When I told Will I was interested in coming to see their lab, I couldn’t believe what I found. There was like one tiny almost-bioreactor and their fermentation processes needed serious help. But I believed in their mission and that the future of fermentation would be in automation, and knew that my background and experience could help make that possible. I even turned down a full scholarship to a machine learning program at UC Berkeley, because I wanted to help make their vision a reality. So I joined Culture, and I’m so happy that I did.
Max: You’ve helped a lot of companies develop their fermentation processes. What advice would you share for companies looking to get into this space?
Fre: I strongly recommend that people run fermentation experiments in duplicate or triplicate. Often companies will limit to only doing one version of a process to save time or money. But it can be very hard to tell from just one bioreactor and the additional data often saves you even more time and money in the long run.

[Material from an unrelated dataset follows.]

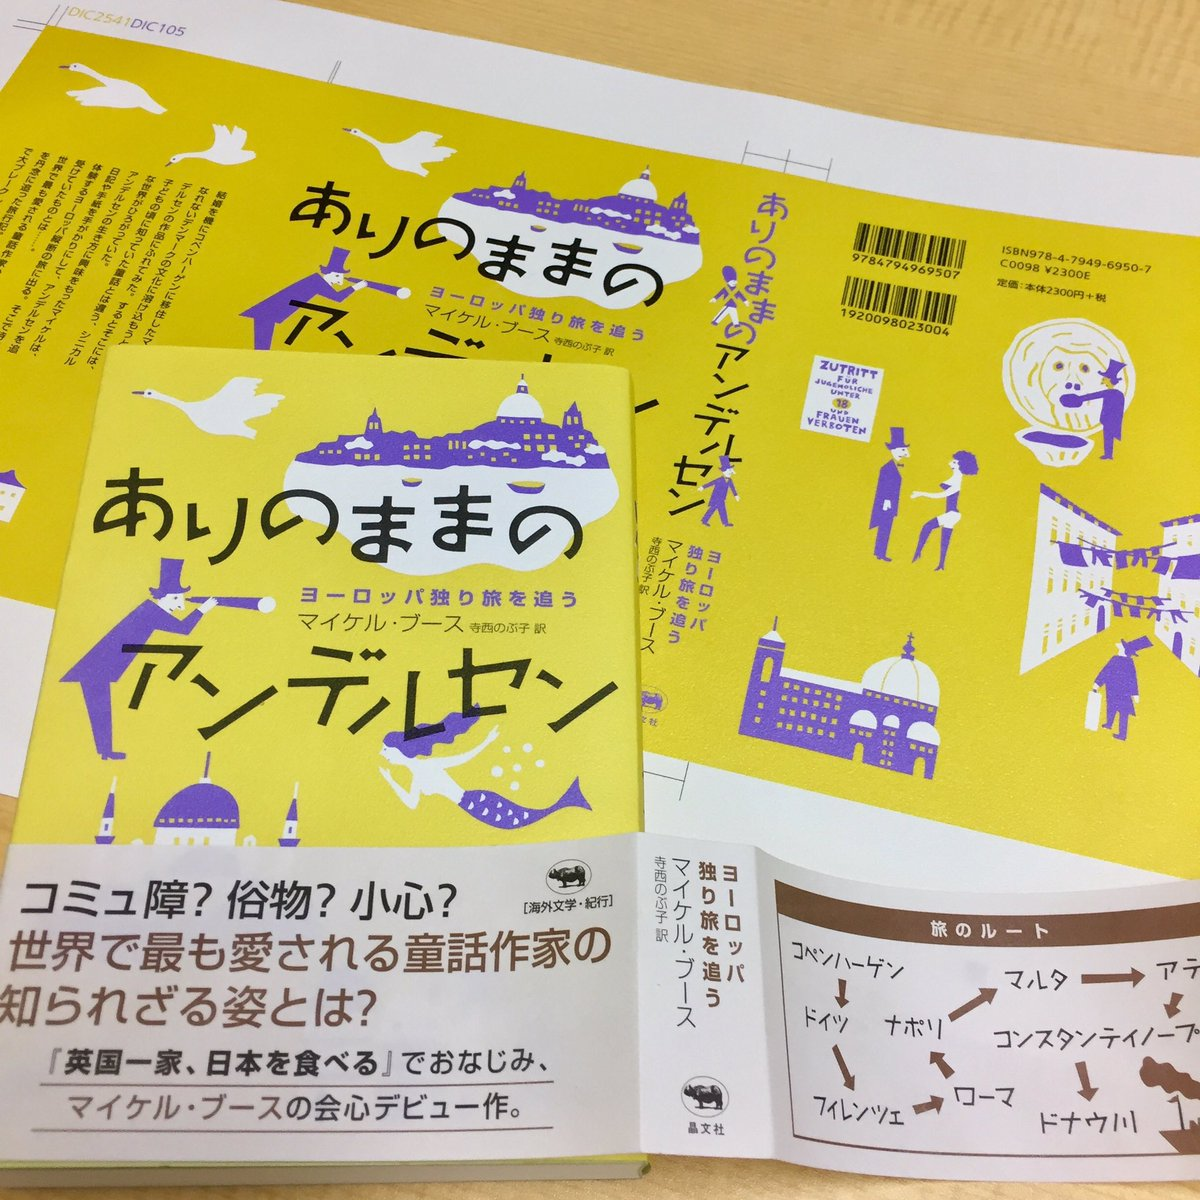 色校出ました。3月の新刊『英国一家、日本を食べる』でおなじみマイケル・ブースの『ありのままのアンデルセン』。童話作家アン
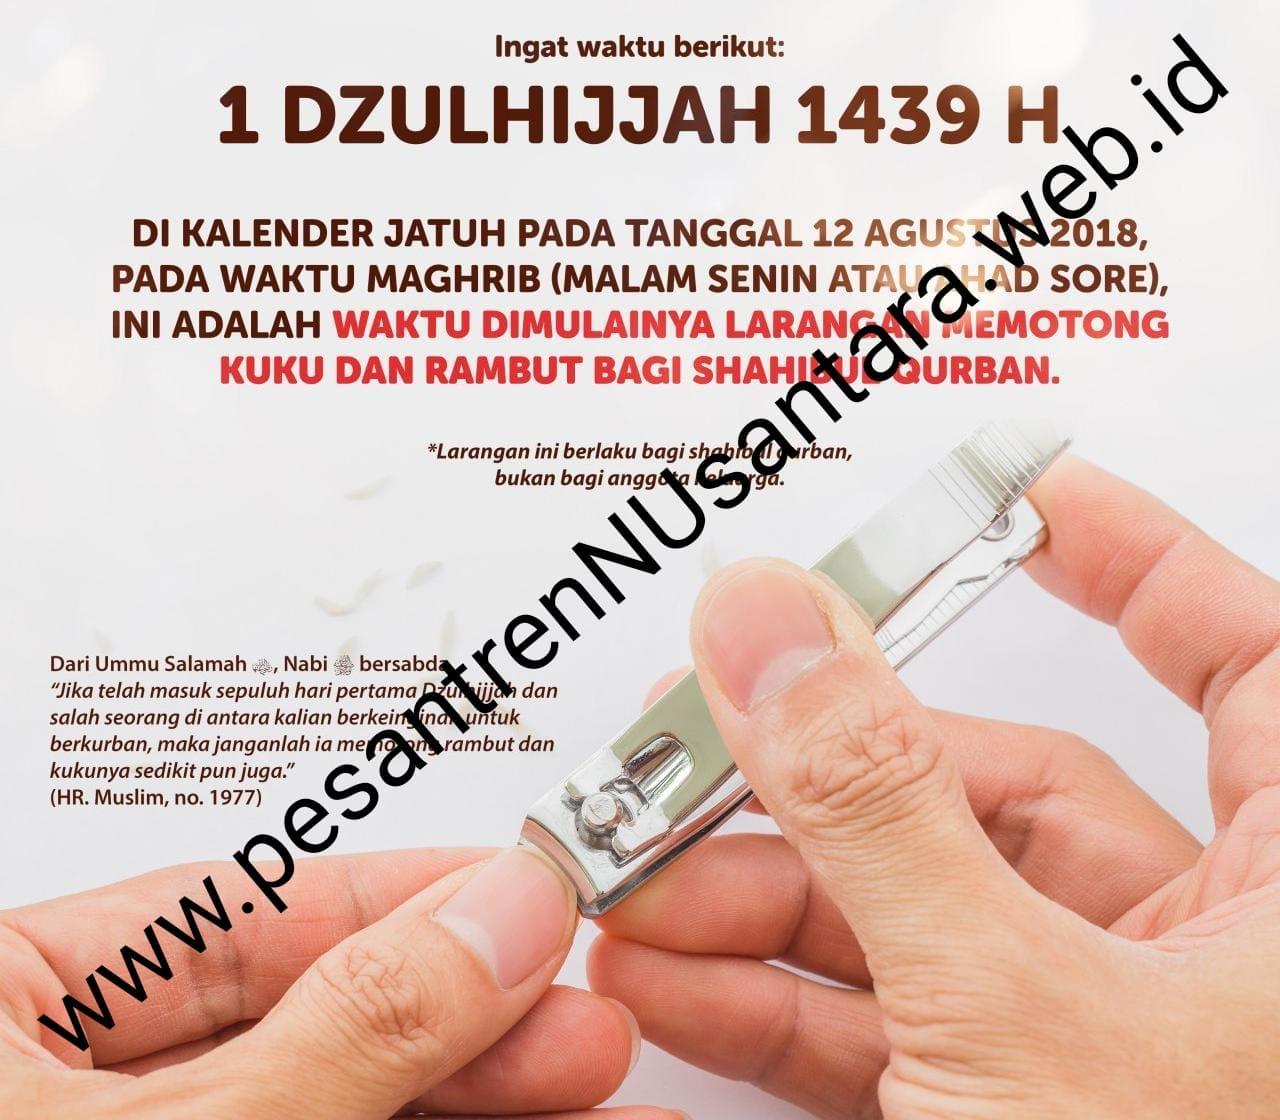 Hukum dan hikmah larangan memotong kuku bagi mudhohhi - Pesantren ... cee8833143

I also suggest that companies do a mass balance on every fermentation to really understand their process. You need to take an accounting of everything that comes in and that comes out so you can know what can be improved.
Finally, I highly encourage companies to always be studying and considering the scalability of their process. Sometimes a great idea for a great product doesn’t make it because the process just isn’t economically scalable, and I recommend that these considerations inform decisions on resource allocation.
Max: Thanks so much for taking the time to share your story, Fre. Before we wrap-up, can you tell me a little bit about what you do when you’re not in the lab?
Fre: I love to play with my kids, and I really like going bowling. I’m not that great at it but it’s a lot of fun. I also really like pinball and table tennis, but more watching my kids play.